# Demo: Data Types
All data in a computer program has a **type**, which is part of a type system that classifies data and constrains operations. Besides (sort) of standardizing how things are stored, type systems enable detection of mismatches (e.g., passing a string where a number is expected) before or during execution.

**Type System Approaches:**
* **Modern languages** (e.g., [Ruby](https://www.ruby-lang.org/en/) or [Python](https://www.python.org/)) have dynamic type systems that perform checks at runtime, offering flexibility but deferring error detection.
* **Classical languages** (e.g., [C](https://gcc.gnu.org/) or [Java](https://www.java.com/en/)) use static type systems that require explicit declarations and perform checks at compile-time, enabling optimization and early error prevention.
* **Julia's hybrid approach** combines the best of both worlds: it's dynamically typed like Python but performs type inference and generates specialized machine code like C. While dynamically typed at the language level, Julia compiles to optimized, statically-typed machine code.

**What we'll cover:** We'll explore primitive types (numbers, text), collection types (arrays, tuples, sets and dictionaries), and custom composite types, examining their memory representation and manipulation in Julia.
___

## Primitive Data Types
Primitive data types are the basic building blocks provided by programming languages. They're atomic, meaning they're not composed of other types, and represent simple values like numbers, characters, and true/false values.
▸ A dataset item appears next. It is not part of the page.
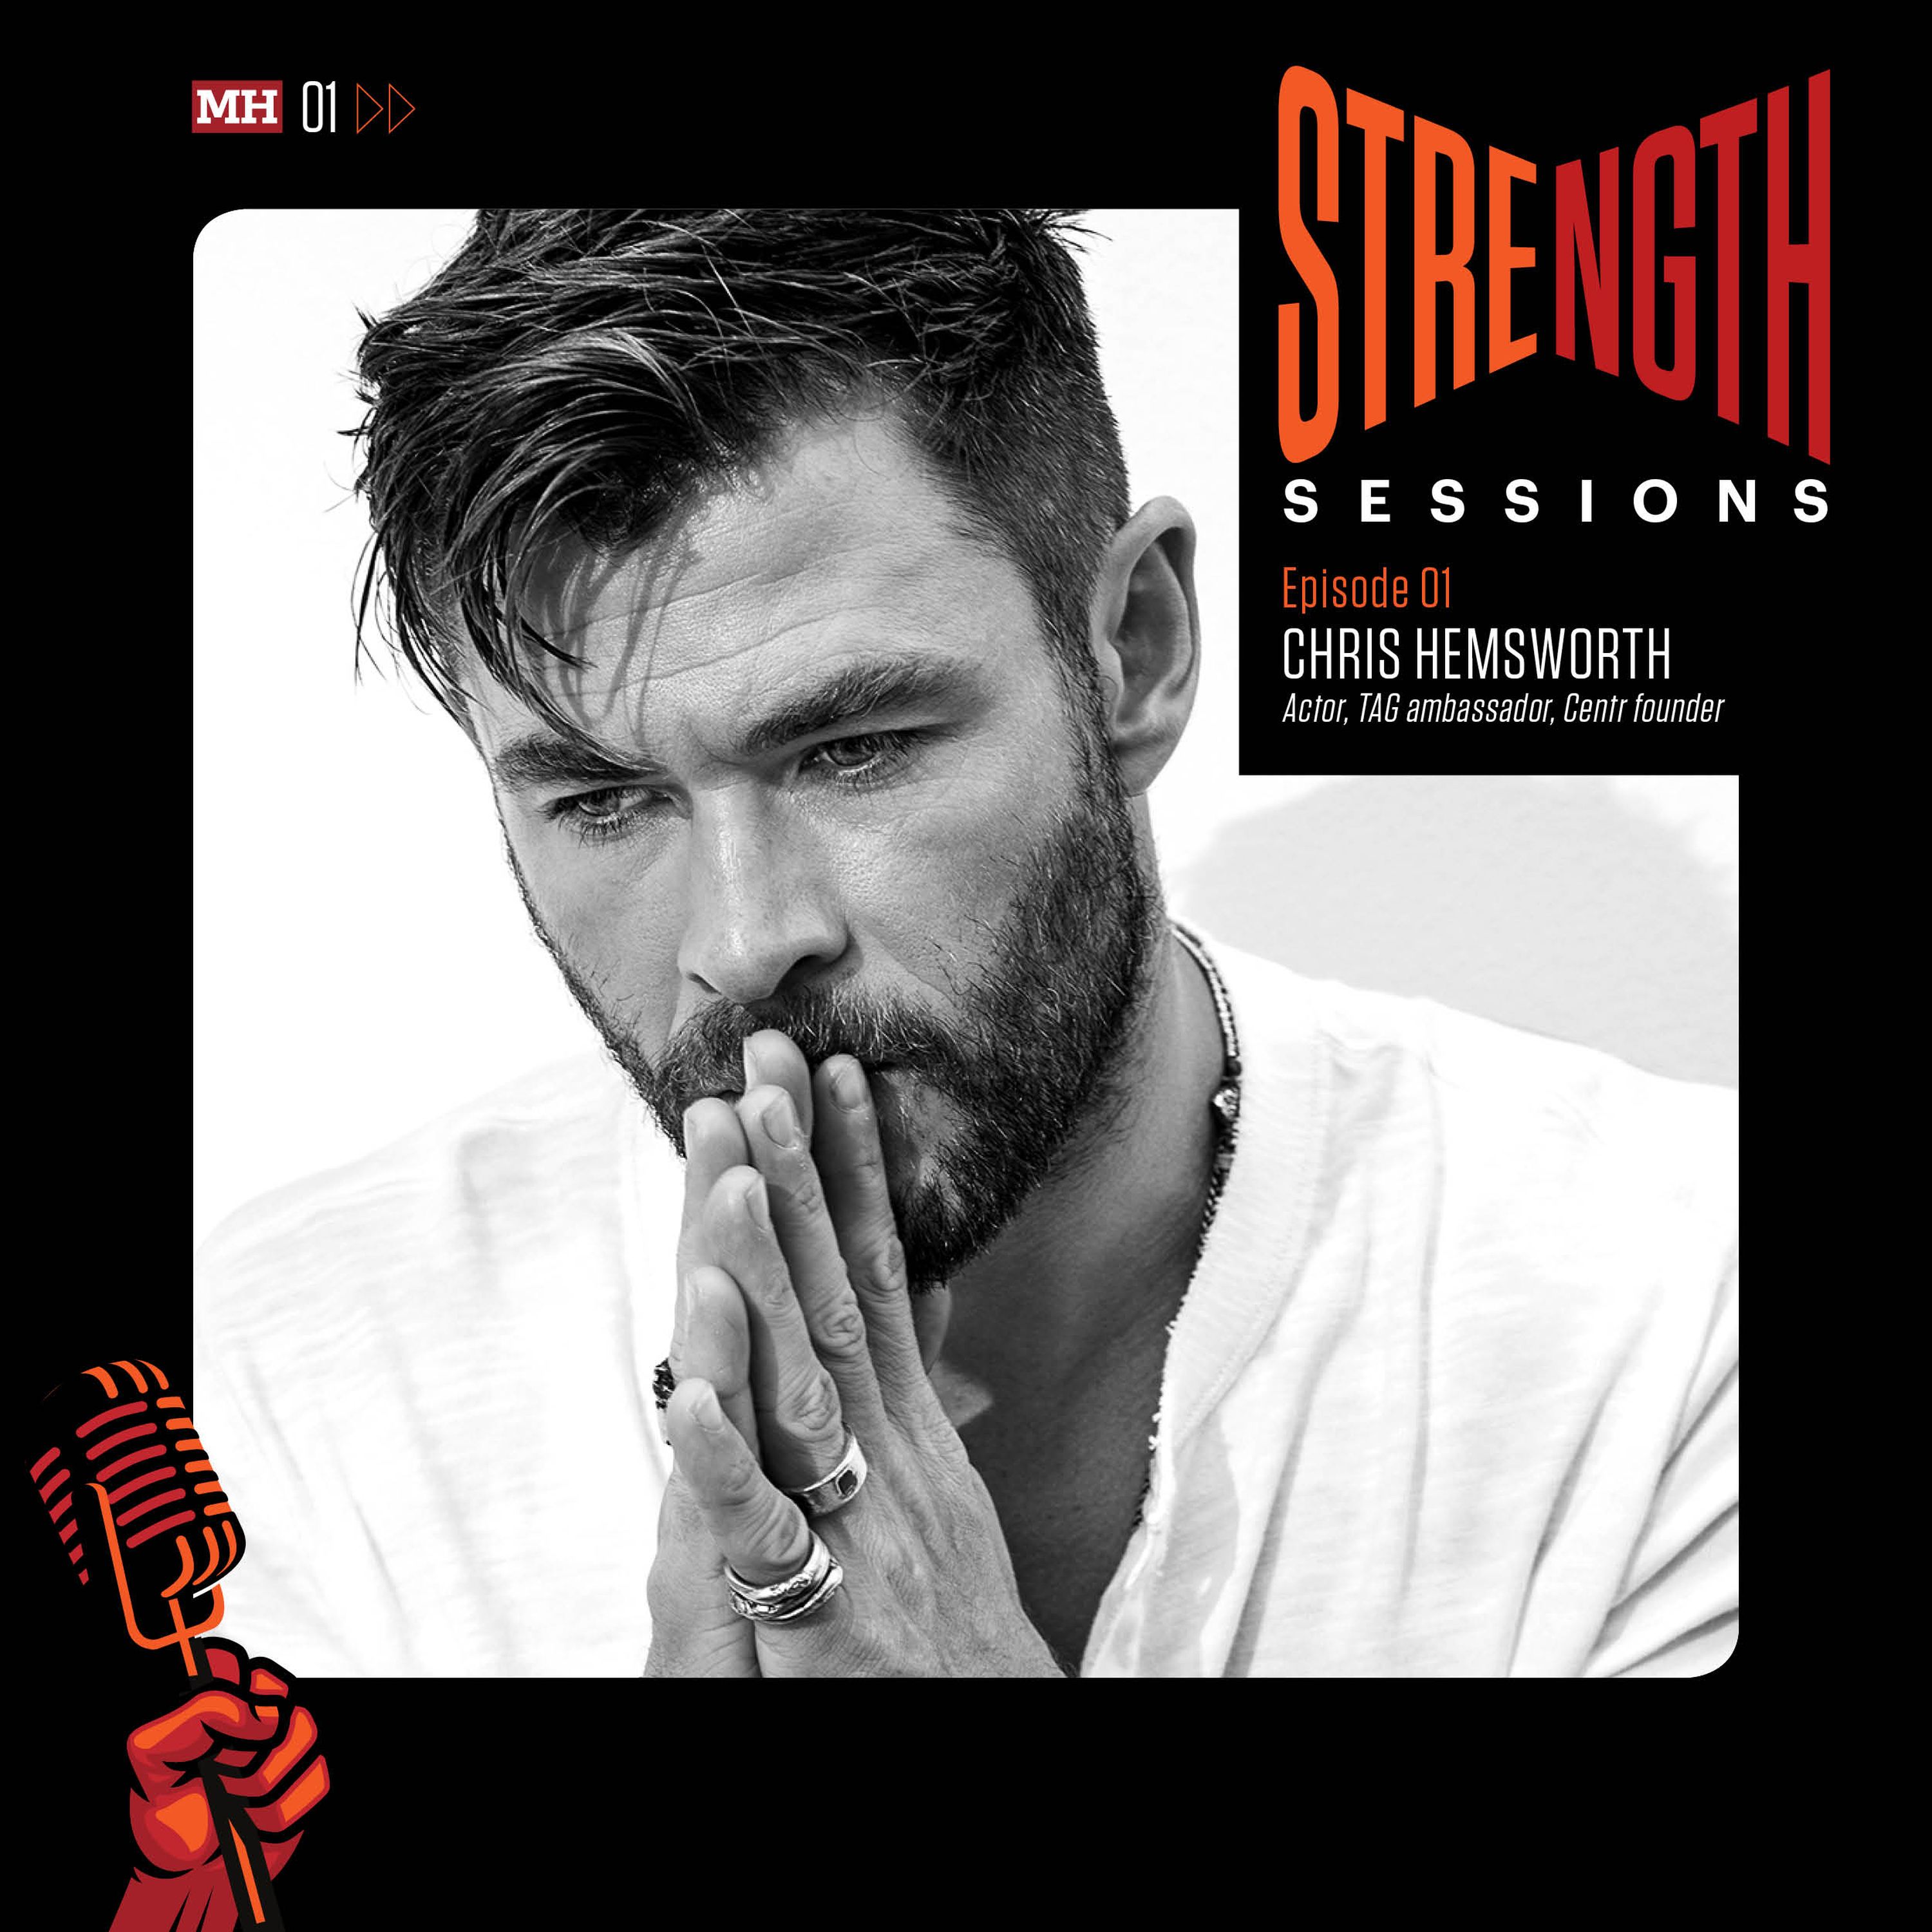 Chris Hemsworth: Finding strength in a post-Endgame world

>**Julia vs. Python storage:**
>Julia's primitive types (`Int64`, `Float64`, `Bool`, `Char`) are stored as _unboxed machine types_ that the compiler uses directly.
> Python's built-in types (int, float, bool) are stored as heap-allocated [PyObject instances](https://docs.python.org/3/c-api/structures.html#c.PyObject), which adds significant overhead because each value requires extra memory for metadata, pointer indirection to access the actual data, and garbage collection tracking.
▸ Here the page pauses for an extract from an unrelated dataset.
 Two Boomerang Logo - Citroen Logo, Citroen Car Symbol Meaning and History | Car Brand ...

Let's start with [the `Bool` type](https://docs.julialang.org/en/v1/base/numbers/#Core.Bool) which represents a boolean value, either `true` or `false`. 

### Integer and Boolean Types
An __integer__ type represents whole numbers $x\in\mathbb{Z}$ (positive, negative and zero). Integers are implemented using a _fixed‐width_ binary form (e.g., 32‐ or 64‐bit). A __boolean (Bool)__ type represents truth values (`true` and `false`); Bool values are stored as a single bit or 1 $\times$ byte, i.e., an 8-bit integer value.
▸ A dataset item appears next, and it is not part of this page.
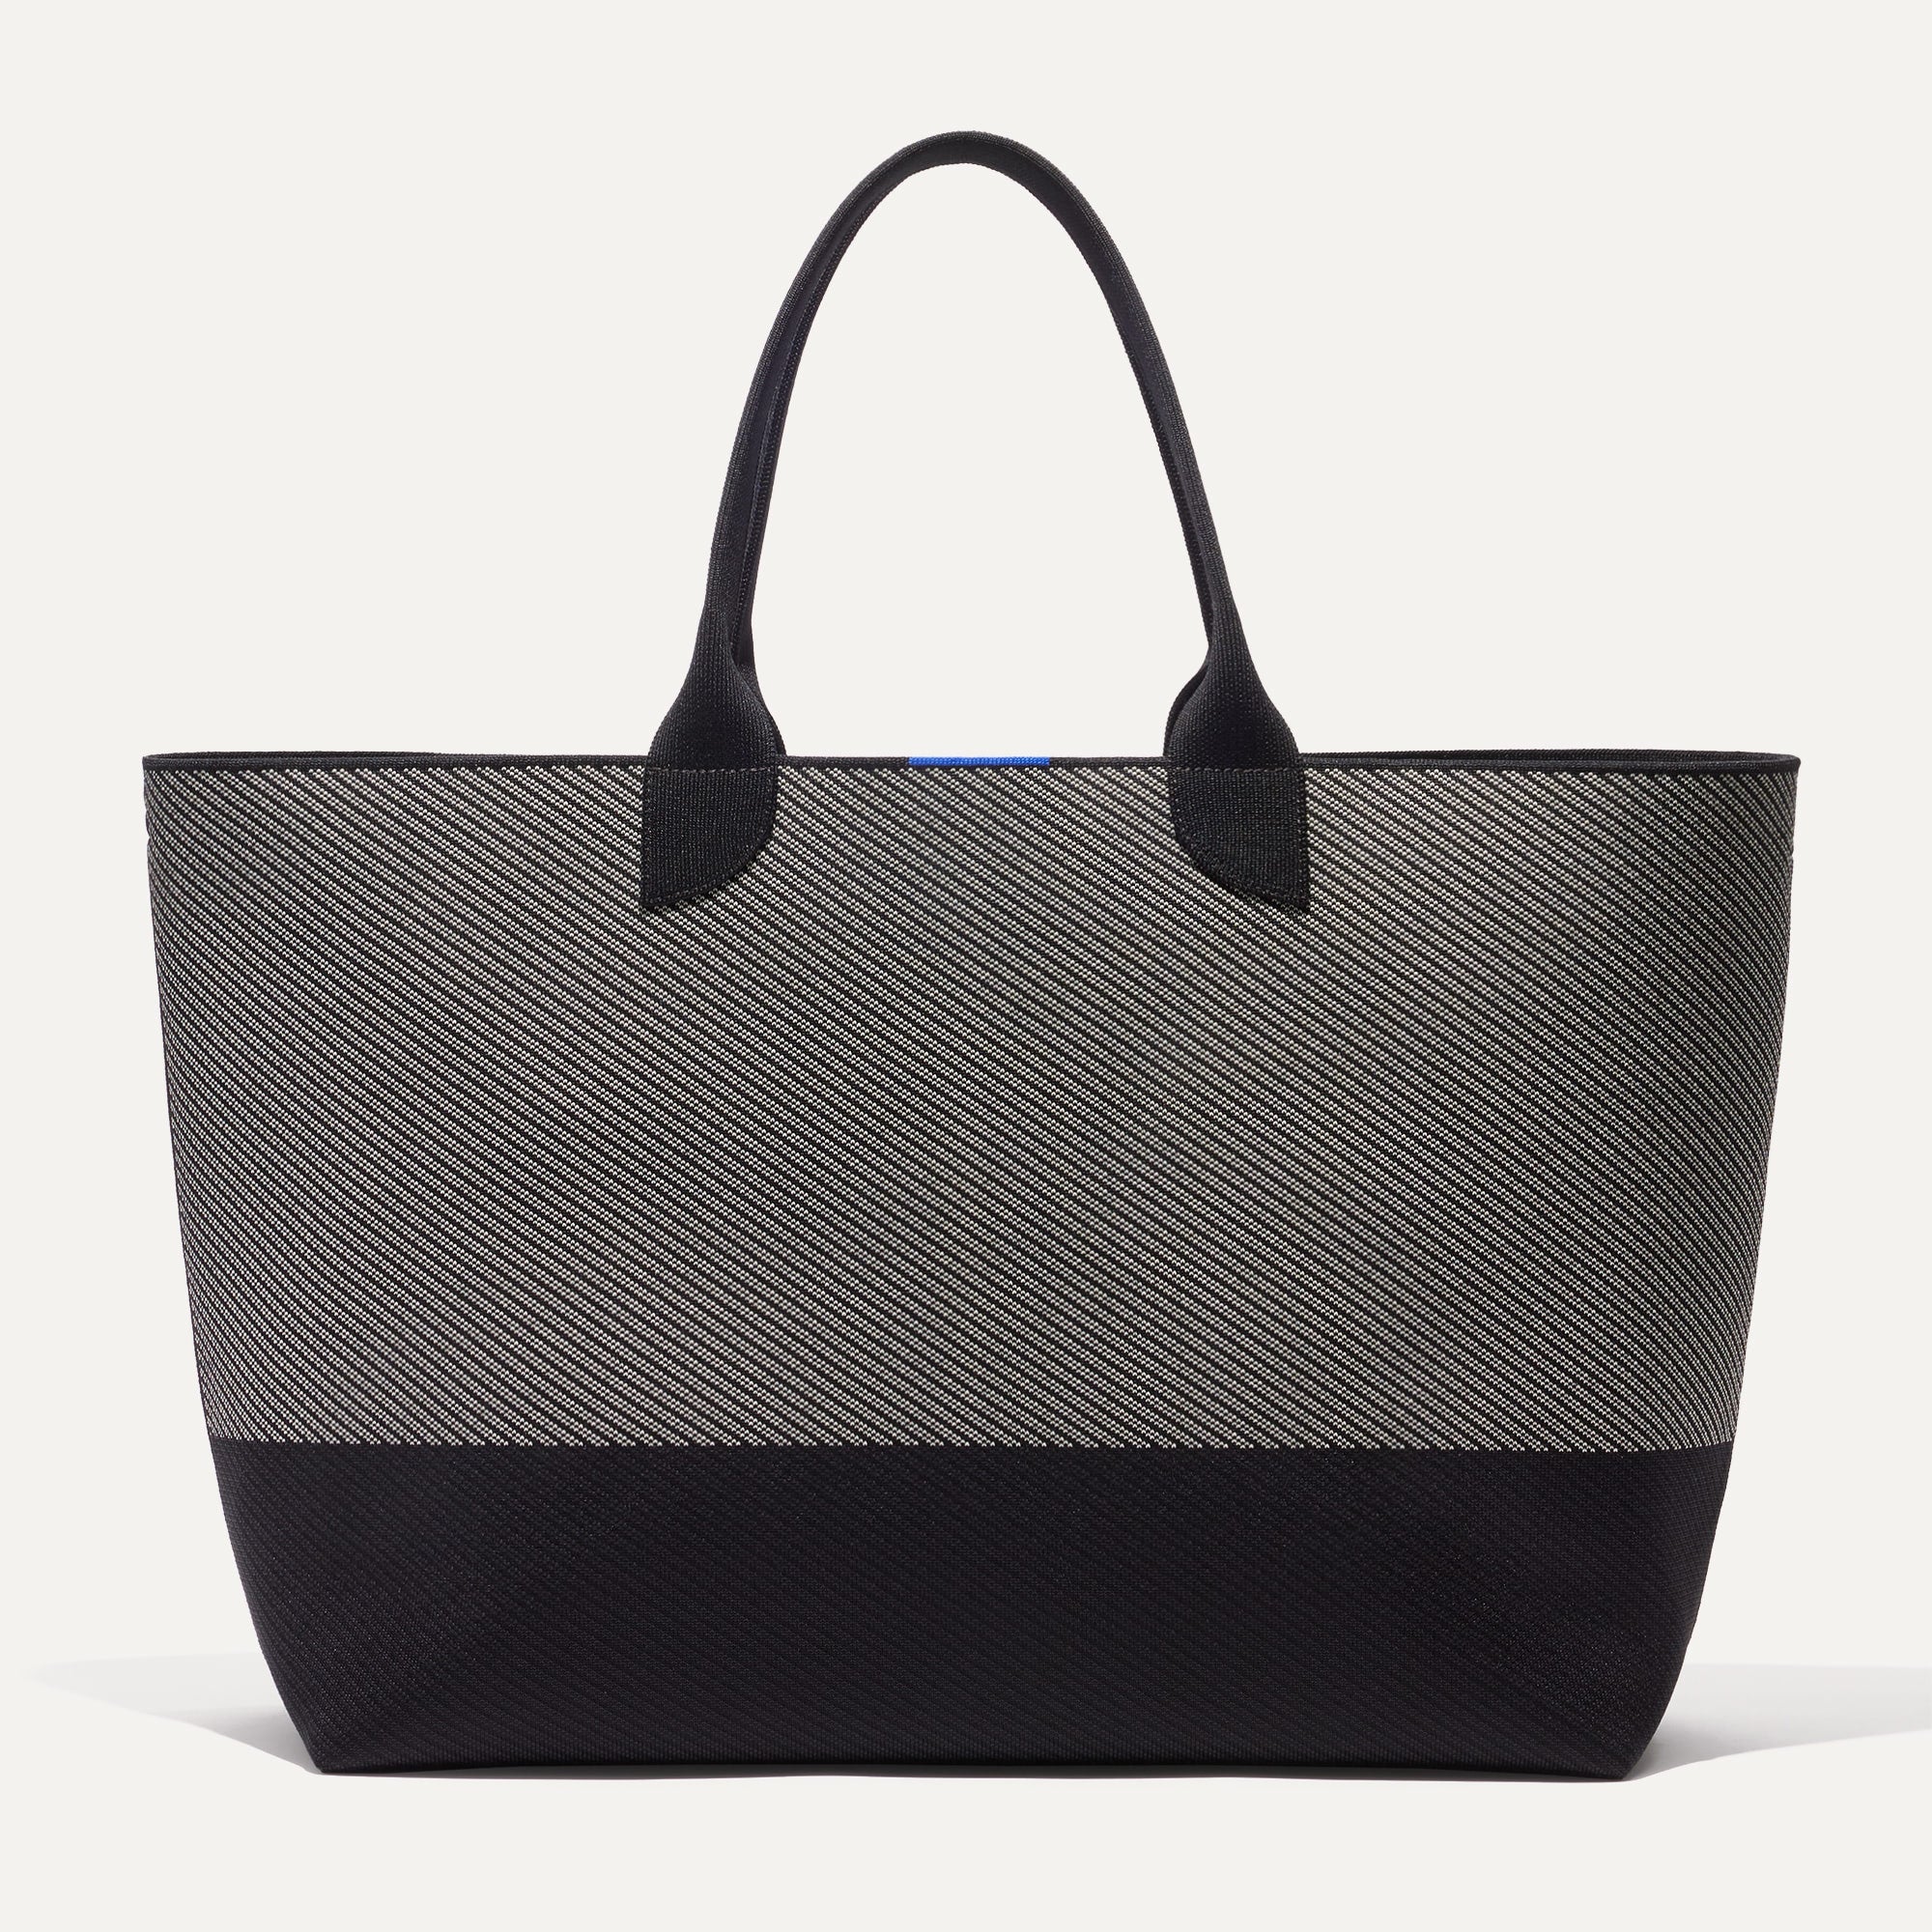 M light gray shopper bag

__Integers__: Let's look at some integers.

In [4]:
x = 2; # select a whole number ... -2, -1, 0, 1, 2, ...

_What type is `x` in Julia?_ We can find the type of something using [the `typeof(...)` method](https://docs.julialang.org/en/v1/base/base/#Core.typeof):

In [6]:
typeof(x) # this returns the type of the argument

Int64

What is the bitstring of $x$? The bitstring gives the literal bit representation of a primitive type. We can get the bitstring of $x$ using [the `bitstring(...)` method in Julia](https://docs.julialang.org/en/v1/base/numbers/#Base.bitstring). This method shows us the bit pattern of the integer argument:

In [8]:
bitstring(x) # gives the values of the values stored in the memory "boxes"

"0000000000000000000000000000000000000000000000000000000000000010"

__Boolean__: Now let's look at some Boolean types $\mathbb{B} = \left\{\text{true},\text{false}\right\}$. A variable $x\in\mathbb{B}$ can take on either `true` or `false` values. However, we typically model these values as a special type of 8$\times$bit (1 $\times$ byte) integer value.

In [10]:
flag = true; # the flag variable can take on values of {true | false}

_What type is `flag` in Julia?_ We can find the type of something using [the `typeof(...)` method](https://docs.julialang.org/en/v1/base/base/#Core.typeof):

In [12]:
typeof(flag)

Bool

_What is the bitstring of the `flag` variable?_ Let's use [the `bitstring(...)` method in Julia](https://docs.julialang.org/en/v1/base/numbers/#Base.bitstring) to see what our Boolean `flag` variable looks like:

In [14]:
bitstring(flag) # this should be 8xbits wide

"00000001"

___

### Floating point types
Floating-point types model real numbers using three components according to [the IEEE 754 standard](https://en.wikipedia.org/wiki/IEEE_754): a sign bit, an exponent (the scale), and a significand (the fraction). This allows representation of both fractional values and very large or small magnitudes.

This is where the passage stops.